Shares of Meta Platforms, Inc. (NASDAQ:META) have remained flat over the past year, with the majority of their challenges arising following the company’s fiscal third-quarter earnings report in October. Although Meta reported better-than-expected revenue and earnings per share (EPS), the firm raised its capital expenditure guidance for 2025 significantly. The new forecast now ranges from $70 billion to $72 billion, up from a previous estimate of $66 billion to $70 billion.
Jim Cramer, a prominent financial commentator, defended Meta’s spending strategy following the earnings announcement. He emphasized that such investments are crucial for safeguarding Meta’s dominant position in the social media landscape, particularly against emerging threats like OpenAI. Cramer pointed out that the company’s stock is suffering partly because of its unique approach to spending compared to its competitors, which he described as “a lone wolf” strategy.
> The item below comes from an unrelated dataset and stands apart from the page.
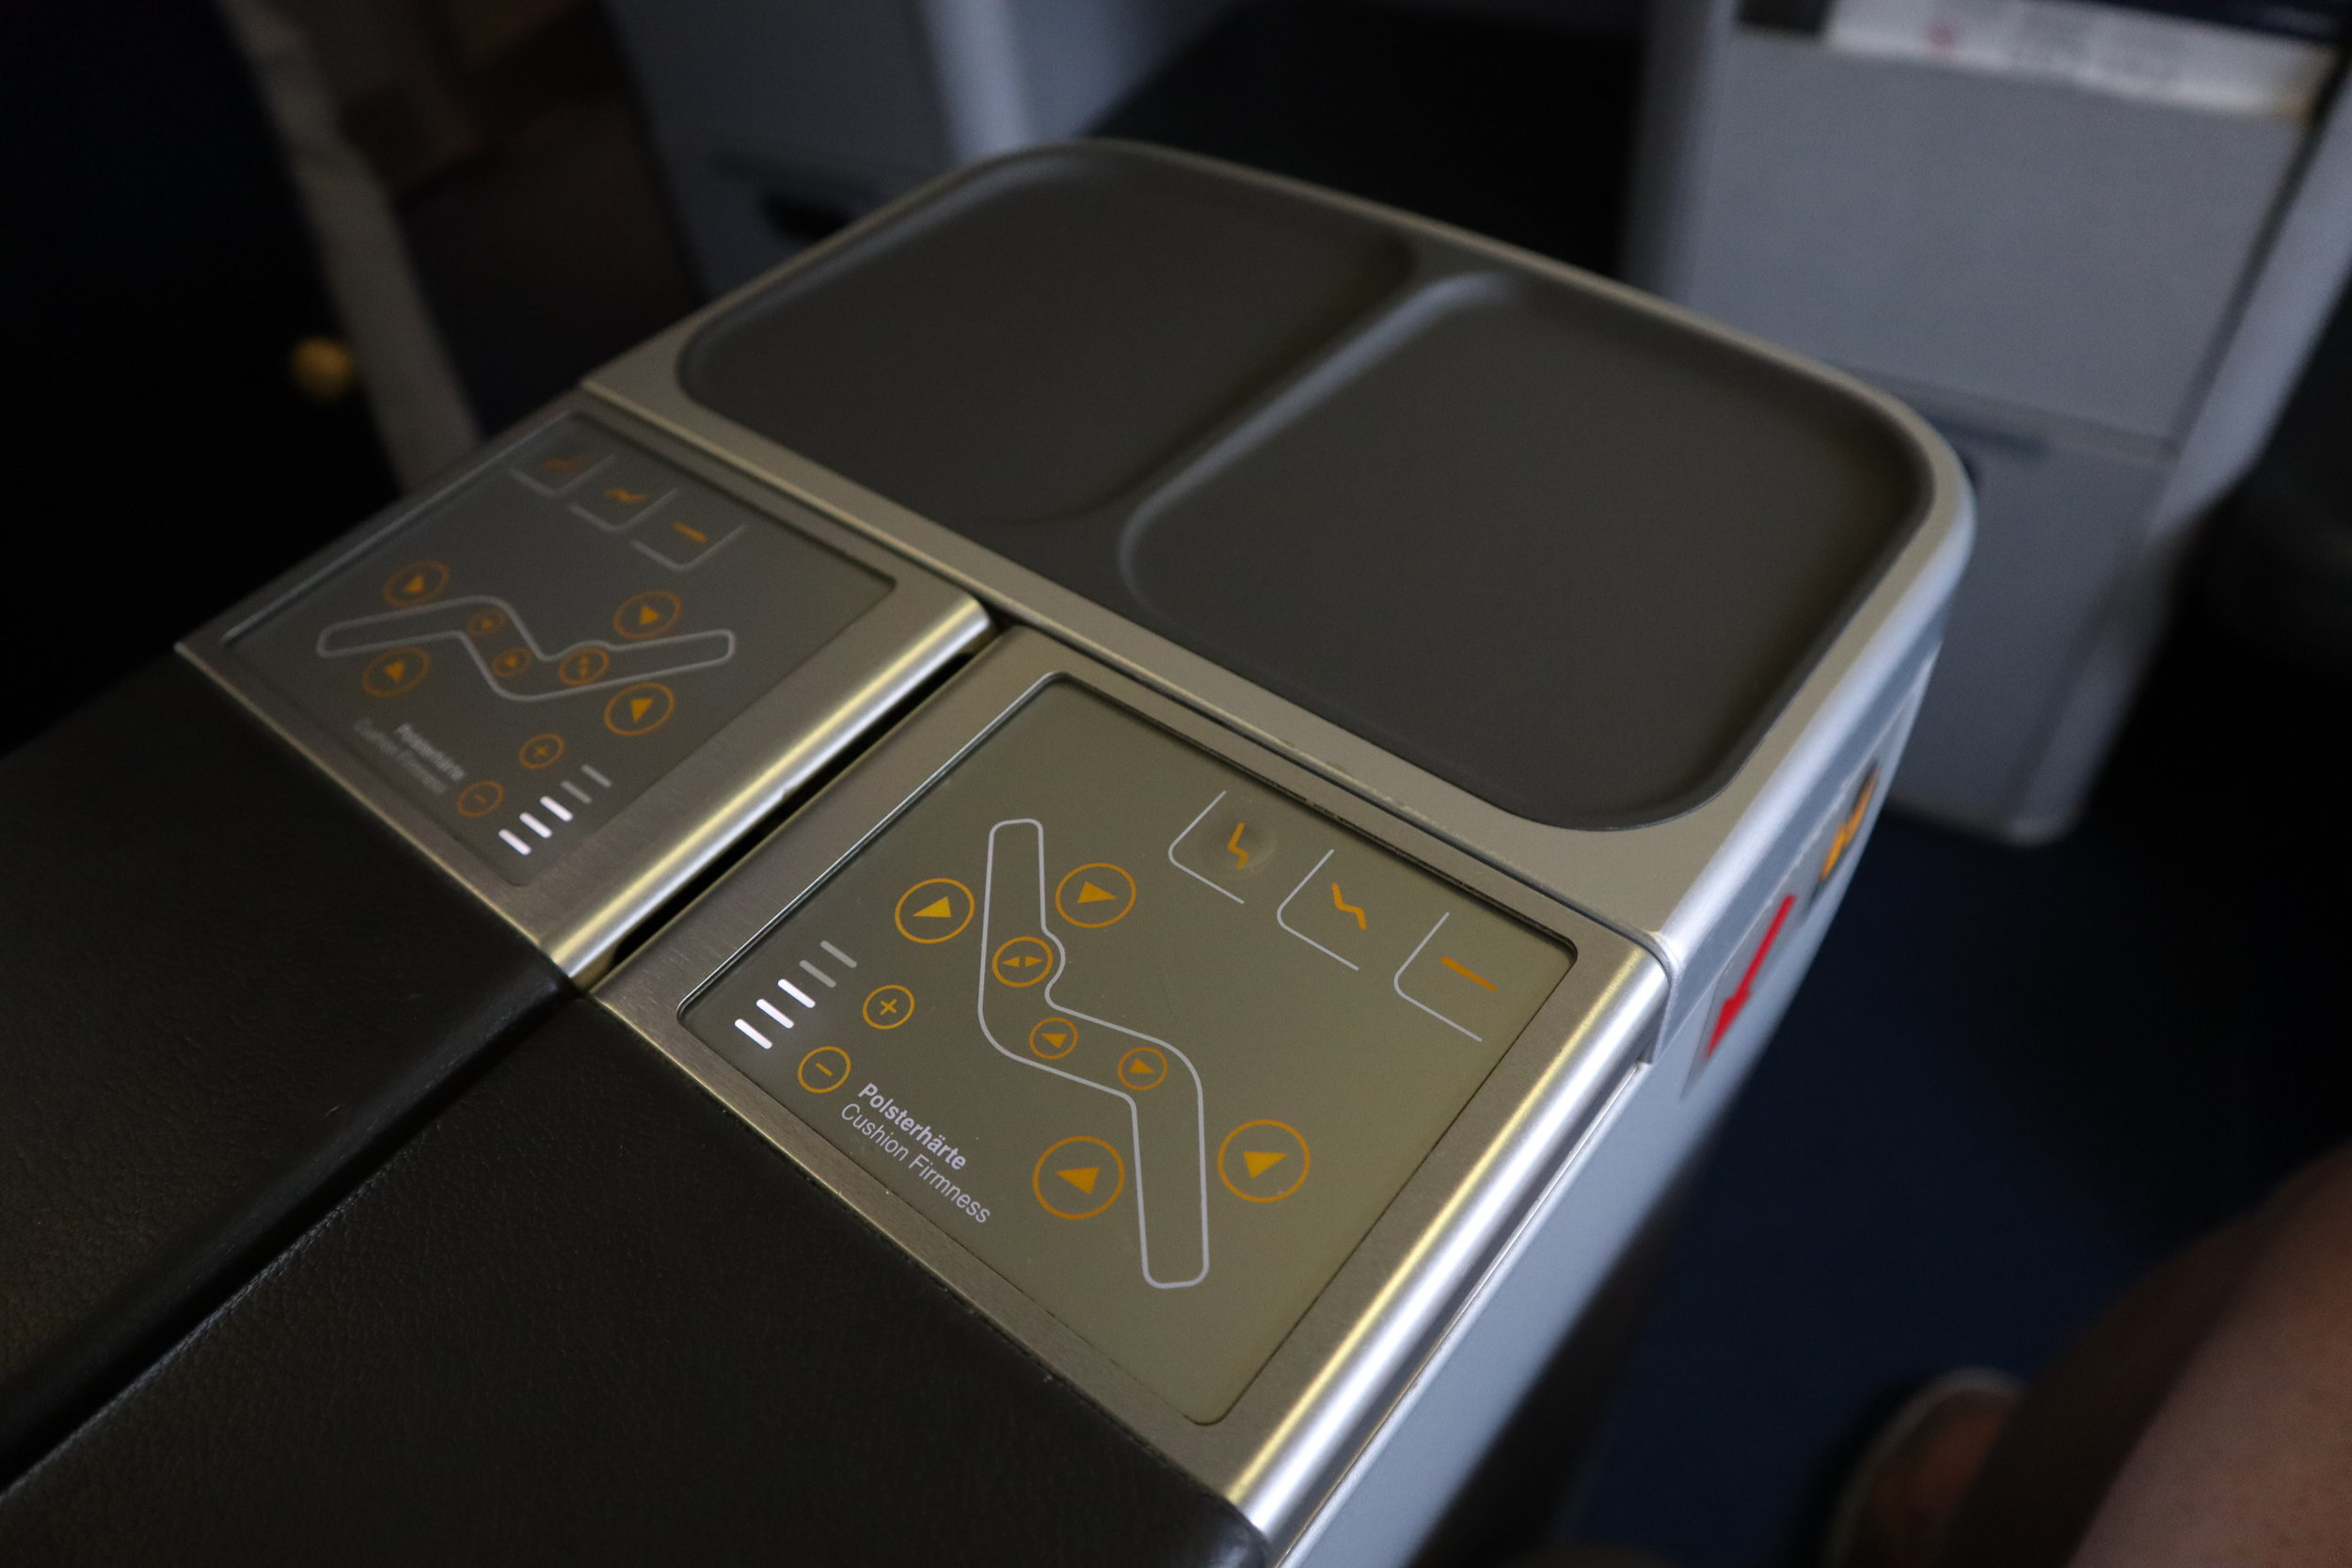 Lufthansa 747-400 business class – Seat controls

Despite the current stagnation in share performance, Bank of America reaffirmed its bullish stance on Meta Platforms by retaining a Buy rating and setting a target share price of $810. This optimistic outlook from the bank followed Meta’s recent agreements with nuclear power firms, including Oklo, Vistra, and TerraPower.
Cramer expressed his belief that the stock should be performing better in light of the underlying fundamentals. He argued that the significant drop in Meta’s share price does not accurately reflect the company’s potential or strategic direction.
While Meta remains a focal point for investors, some analysts express greater confidence in alternative artificial intelligence (AI) stocks, which they believe could yield higher returns with less downside risk. For those seeking opportunities, there are reports indicating promising AI stocks that might capture substantial market attention in the near term.
In summary, while Meta Platforms continues to navigate challenges, particularly regarding its capital expenditures, the company still retains strong institutional support, suggesting potential for future recovery amidst the changing technology landscape.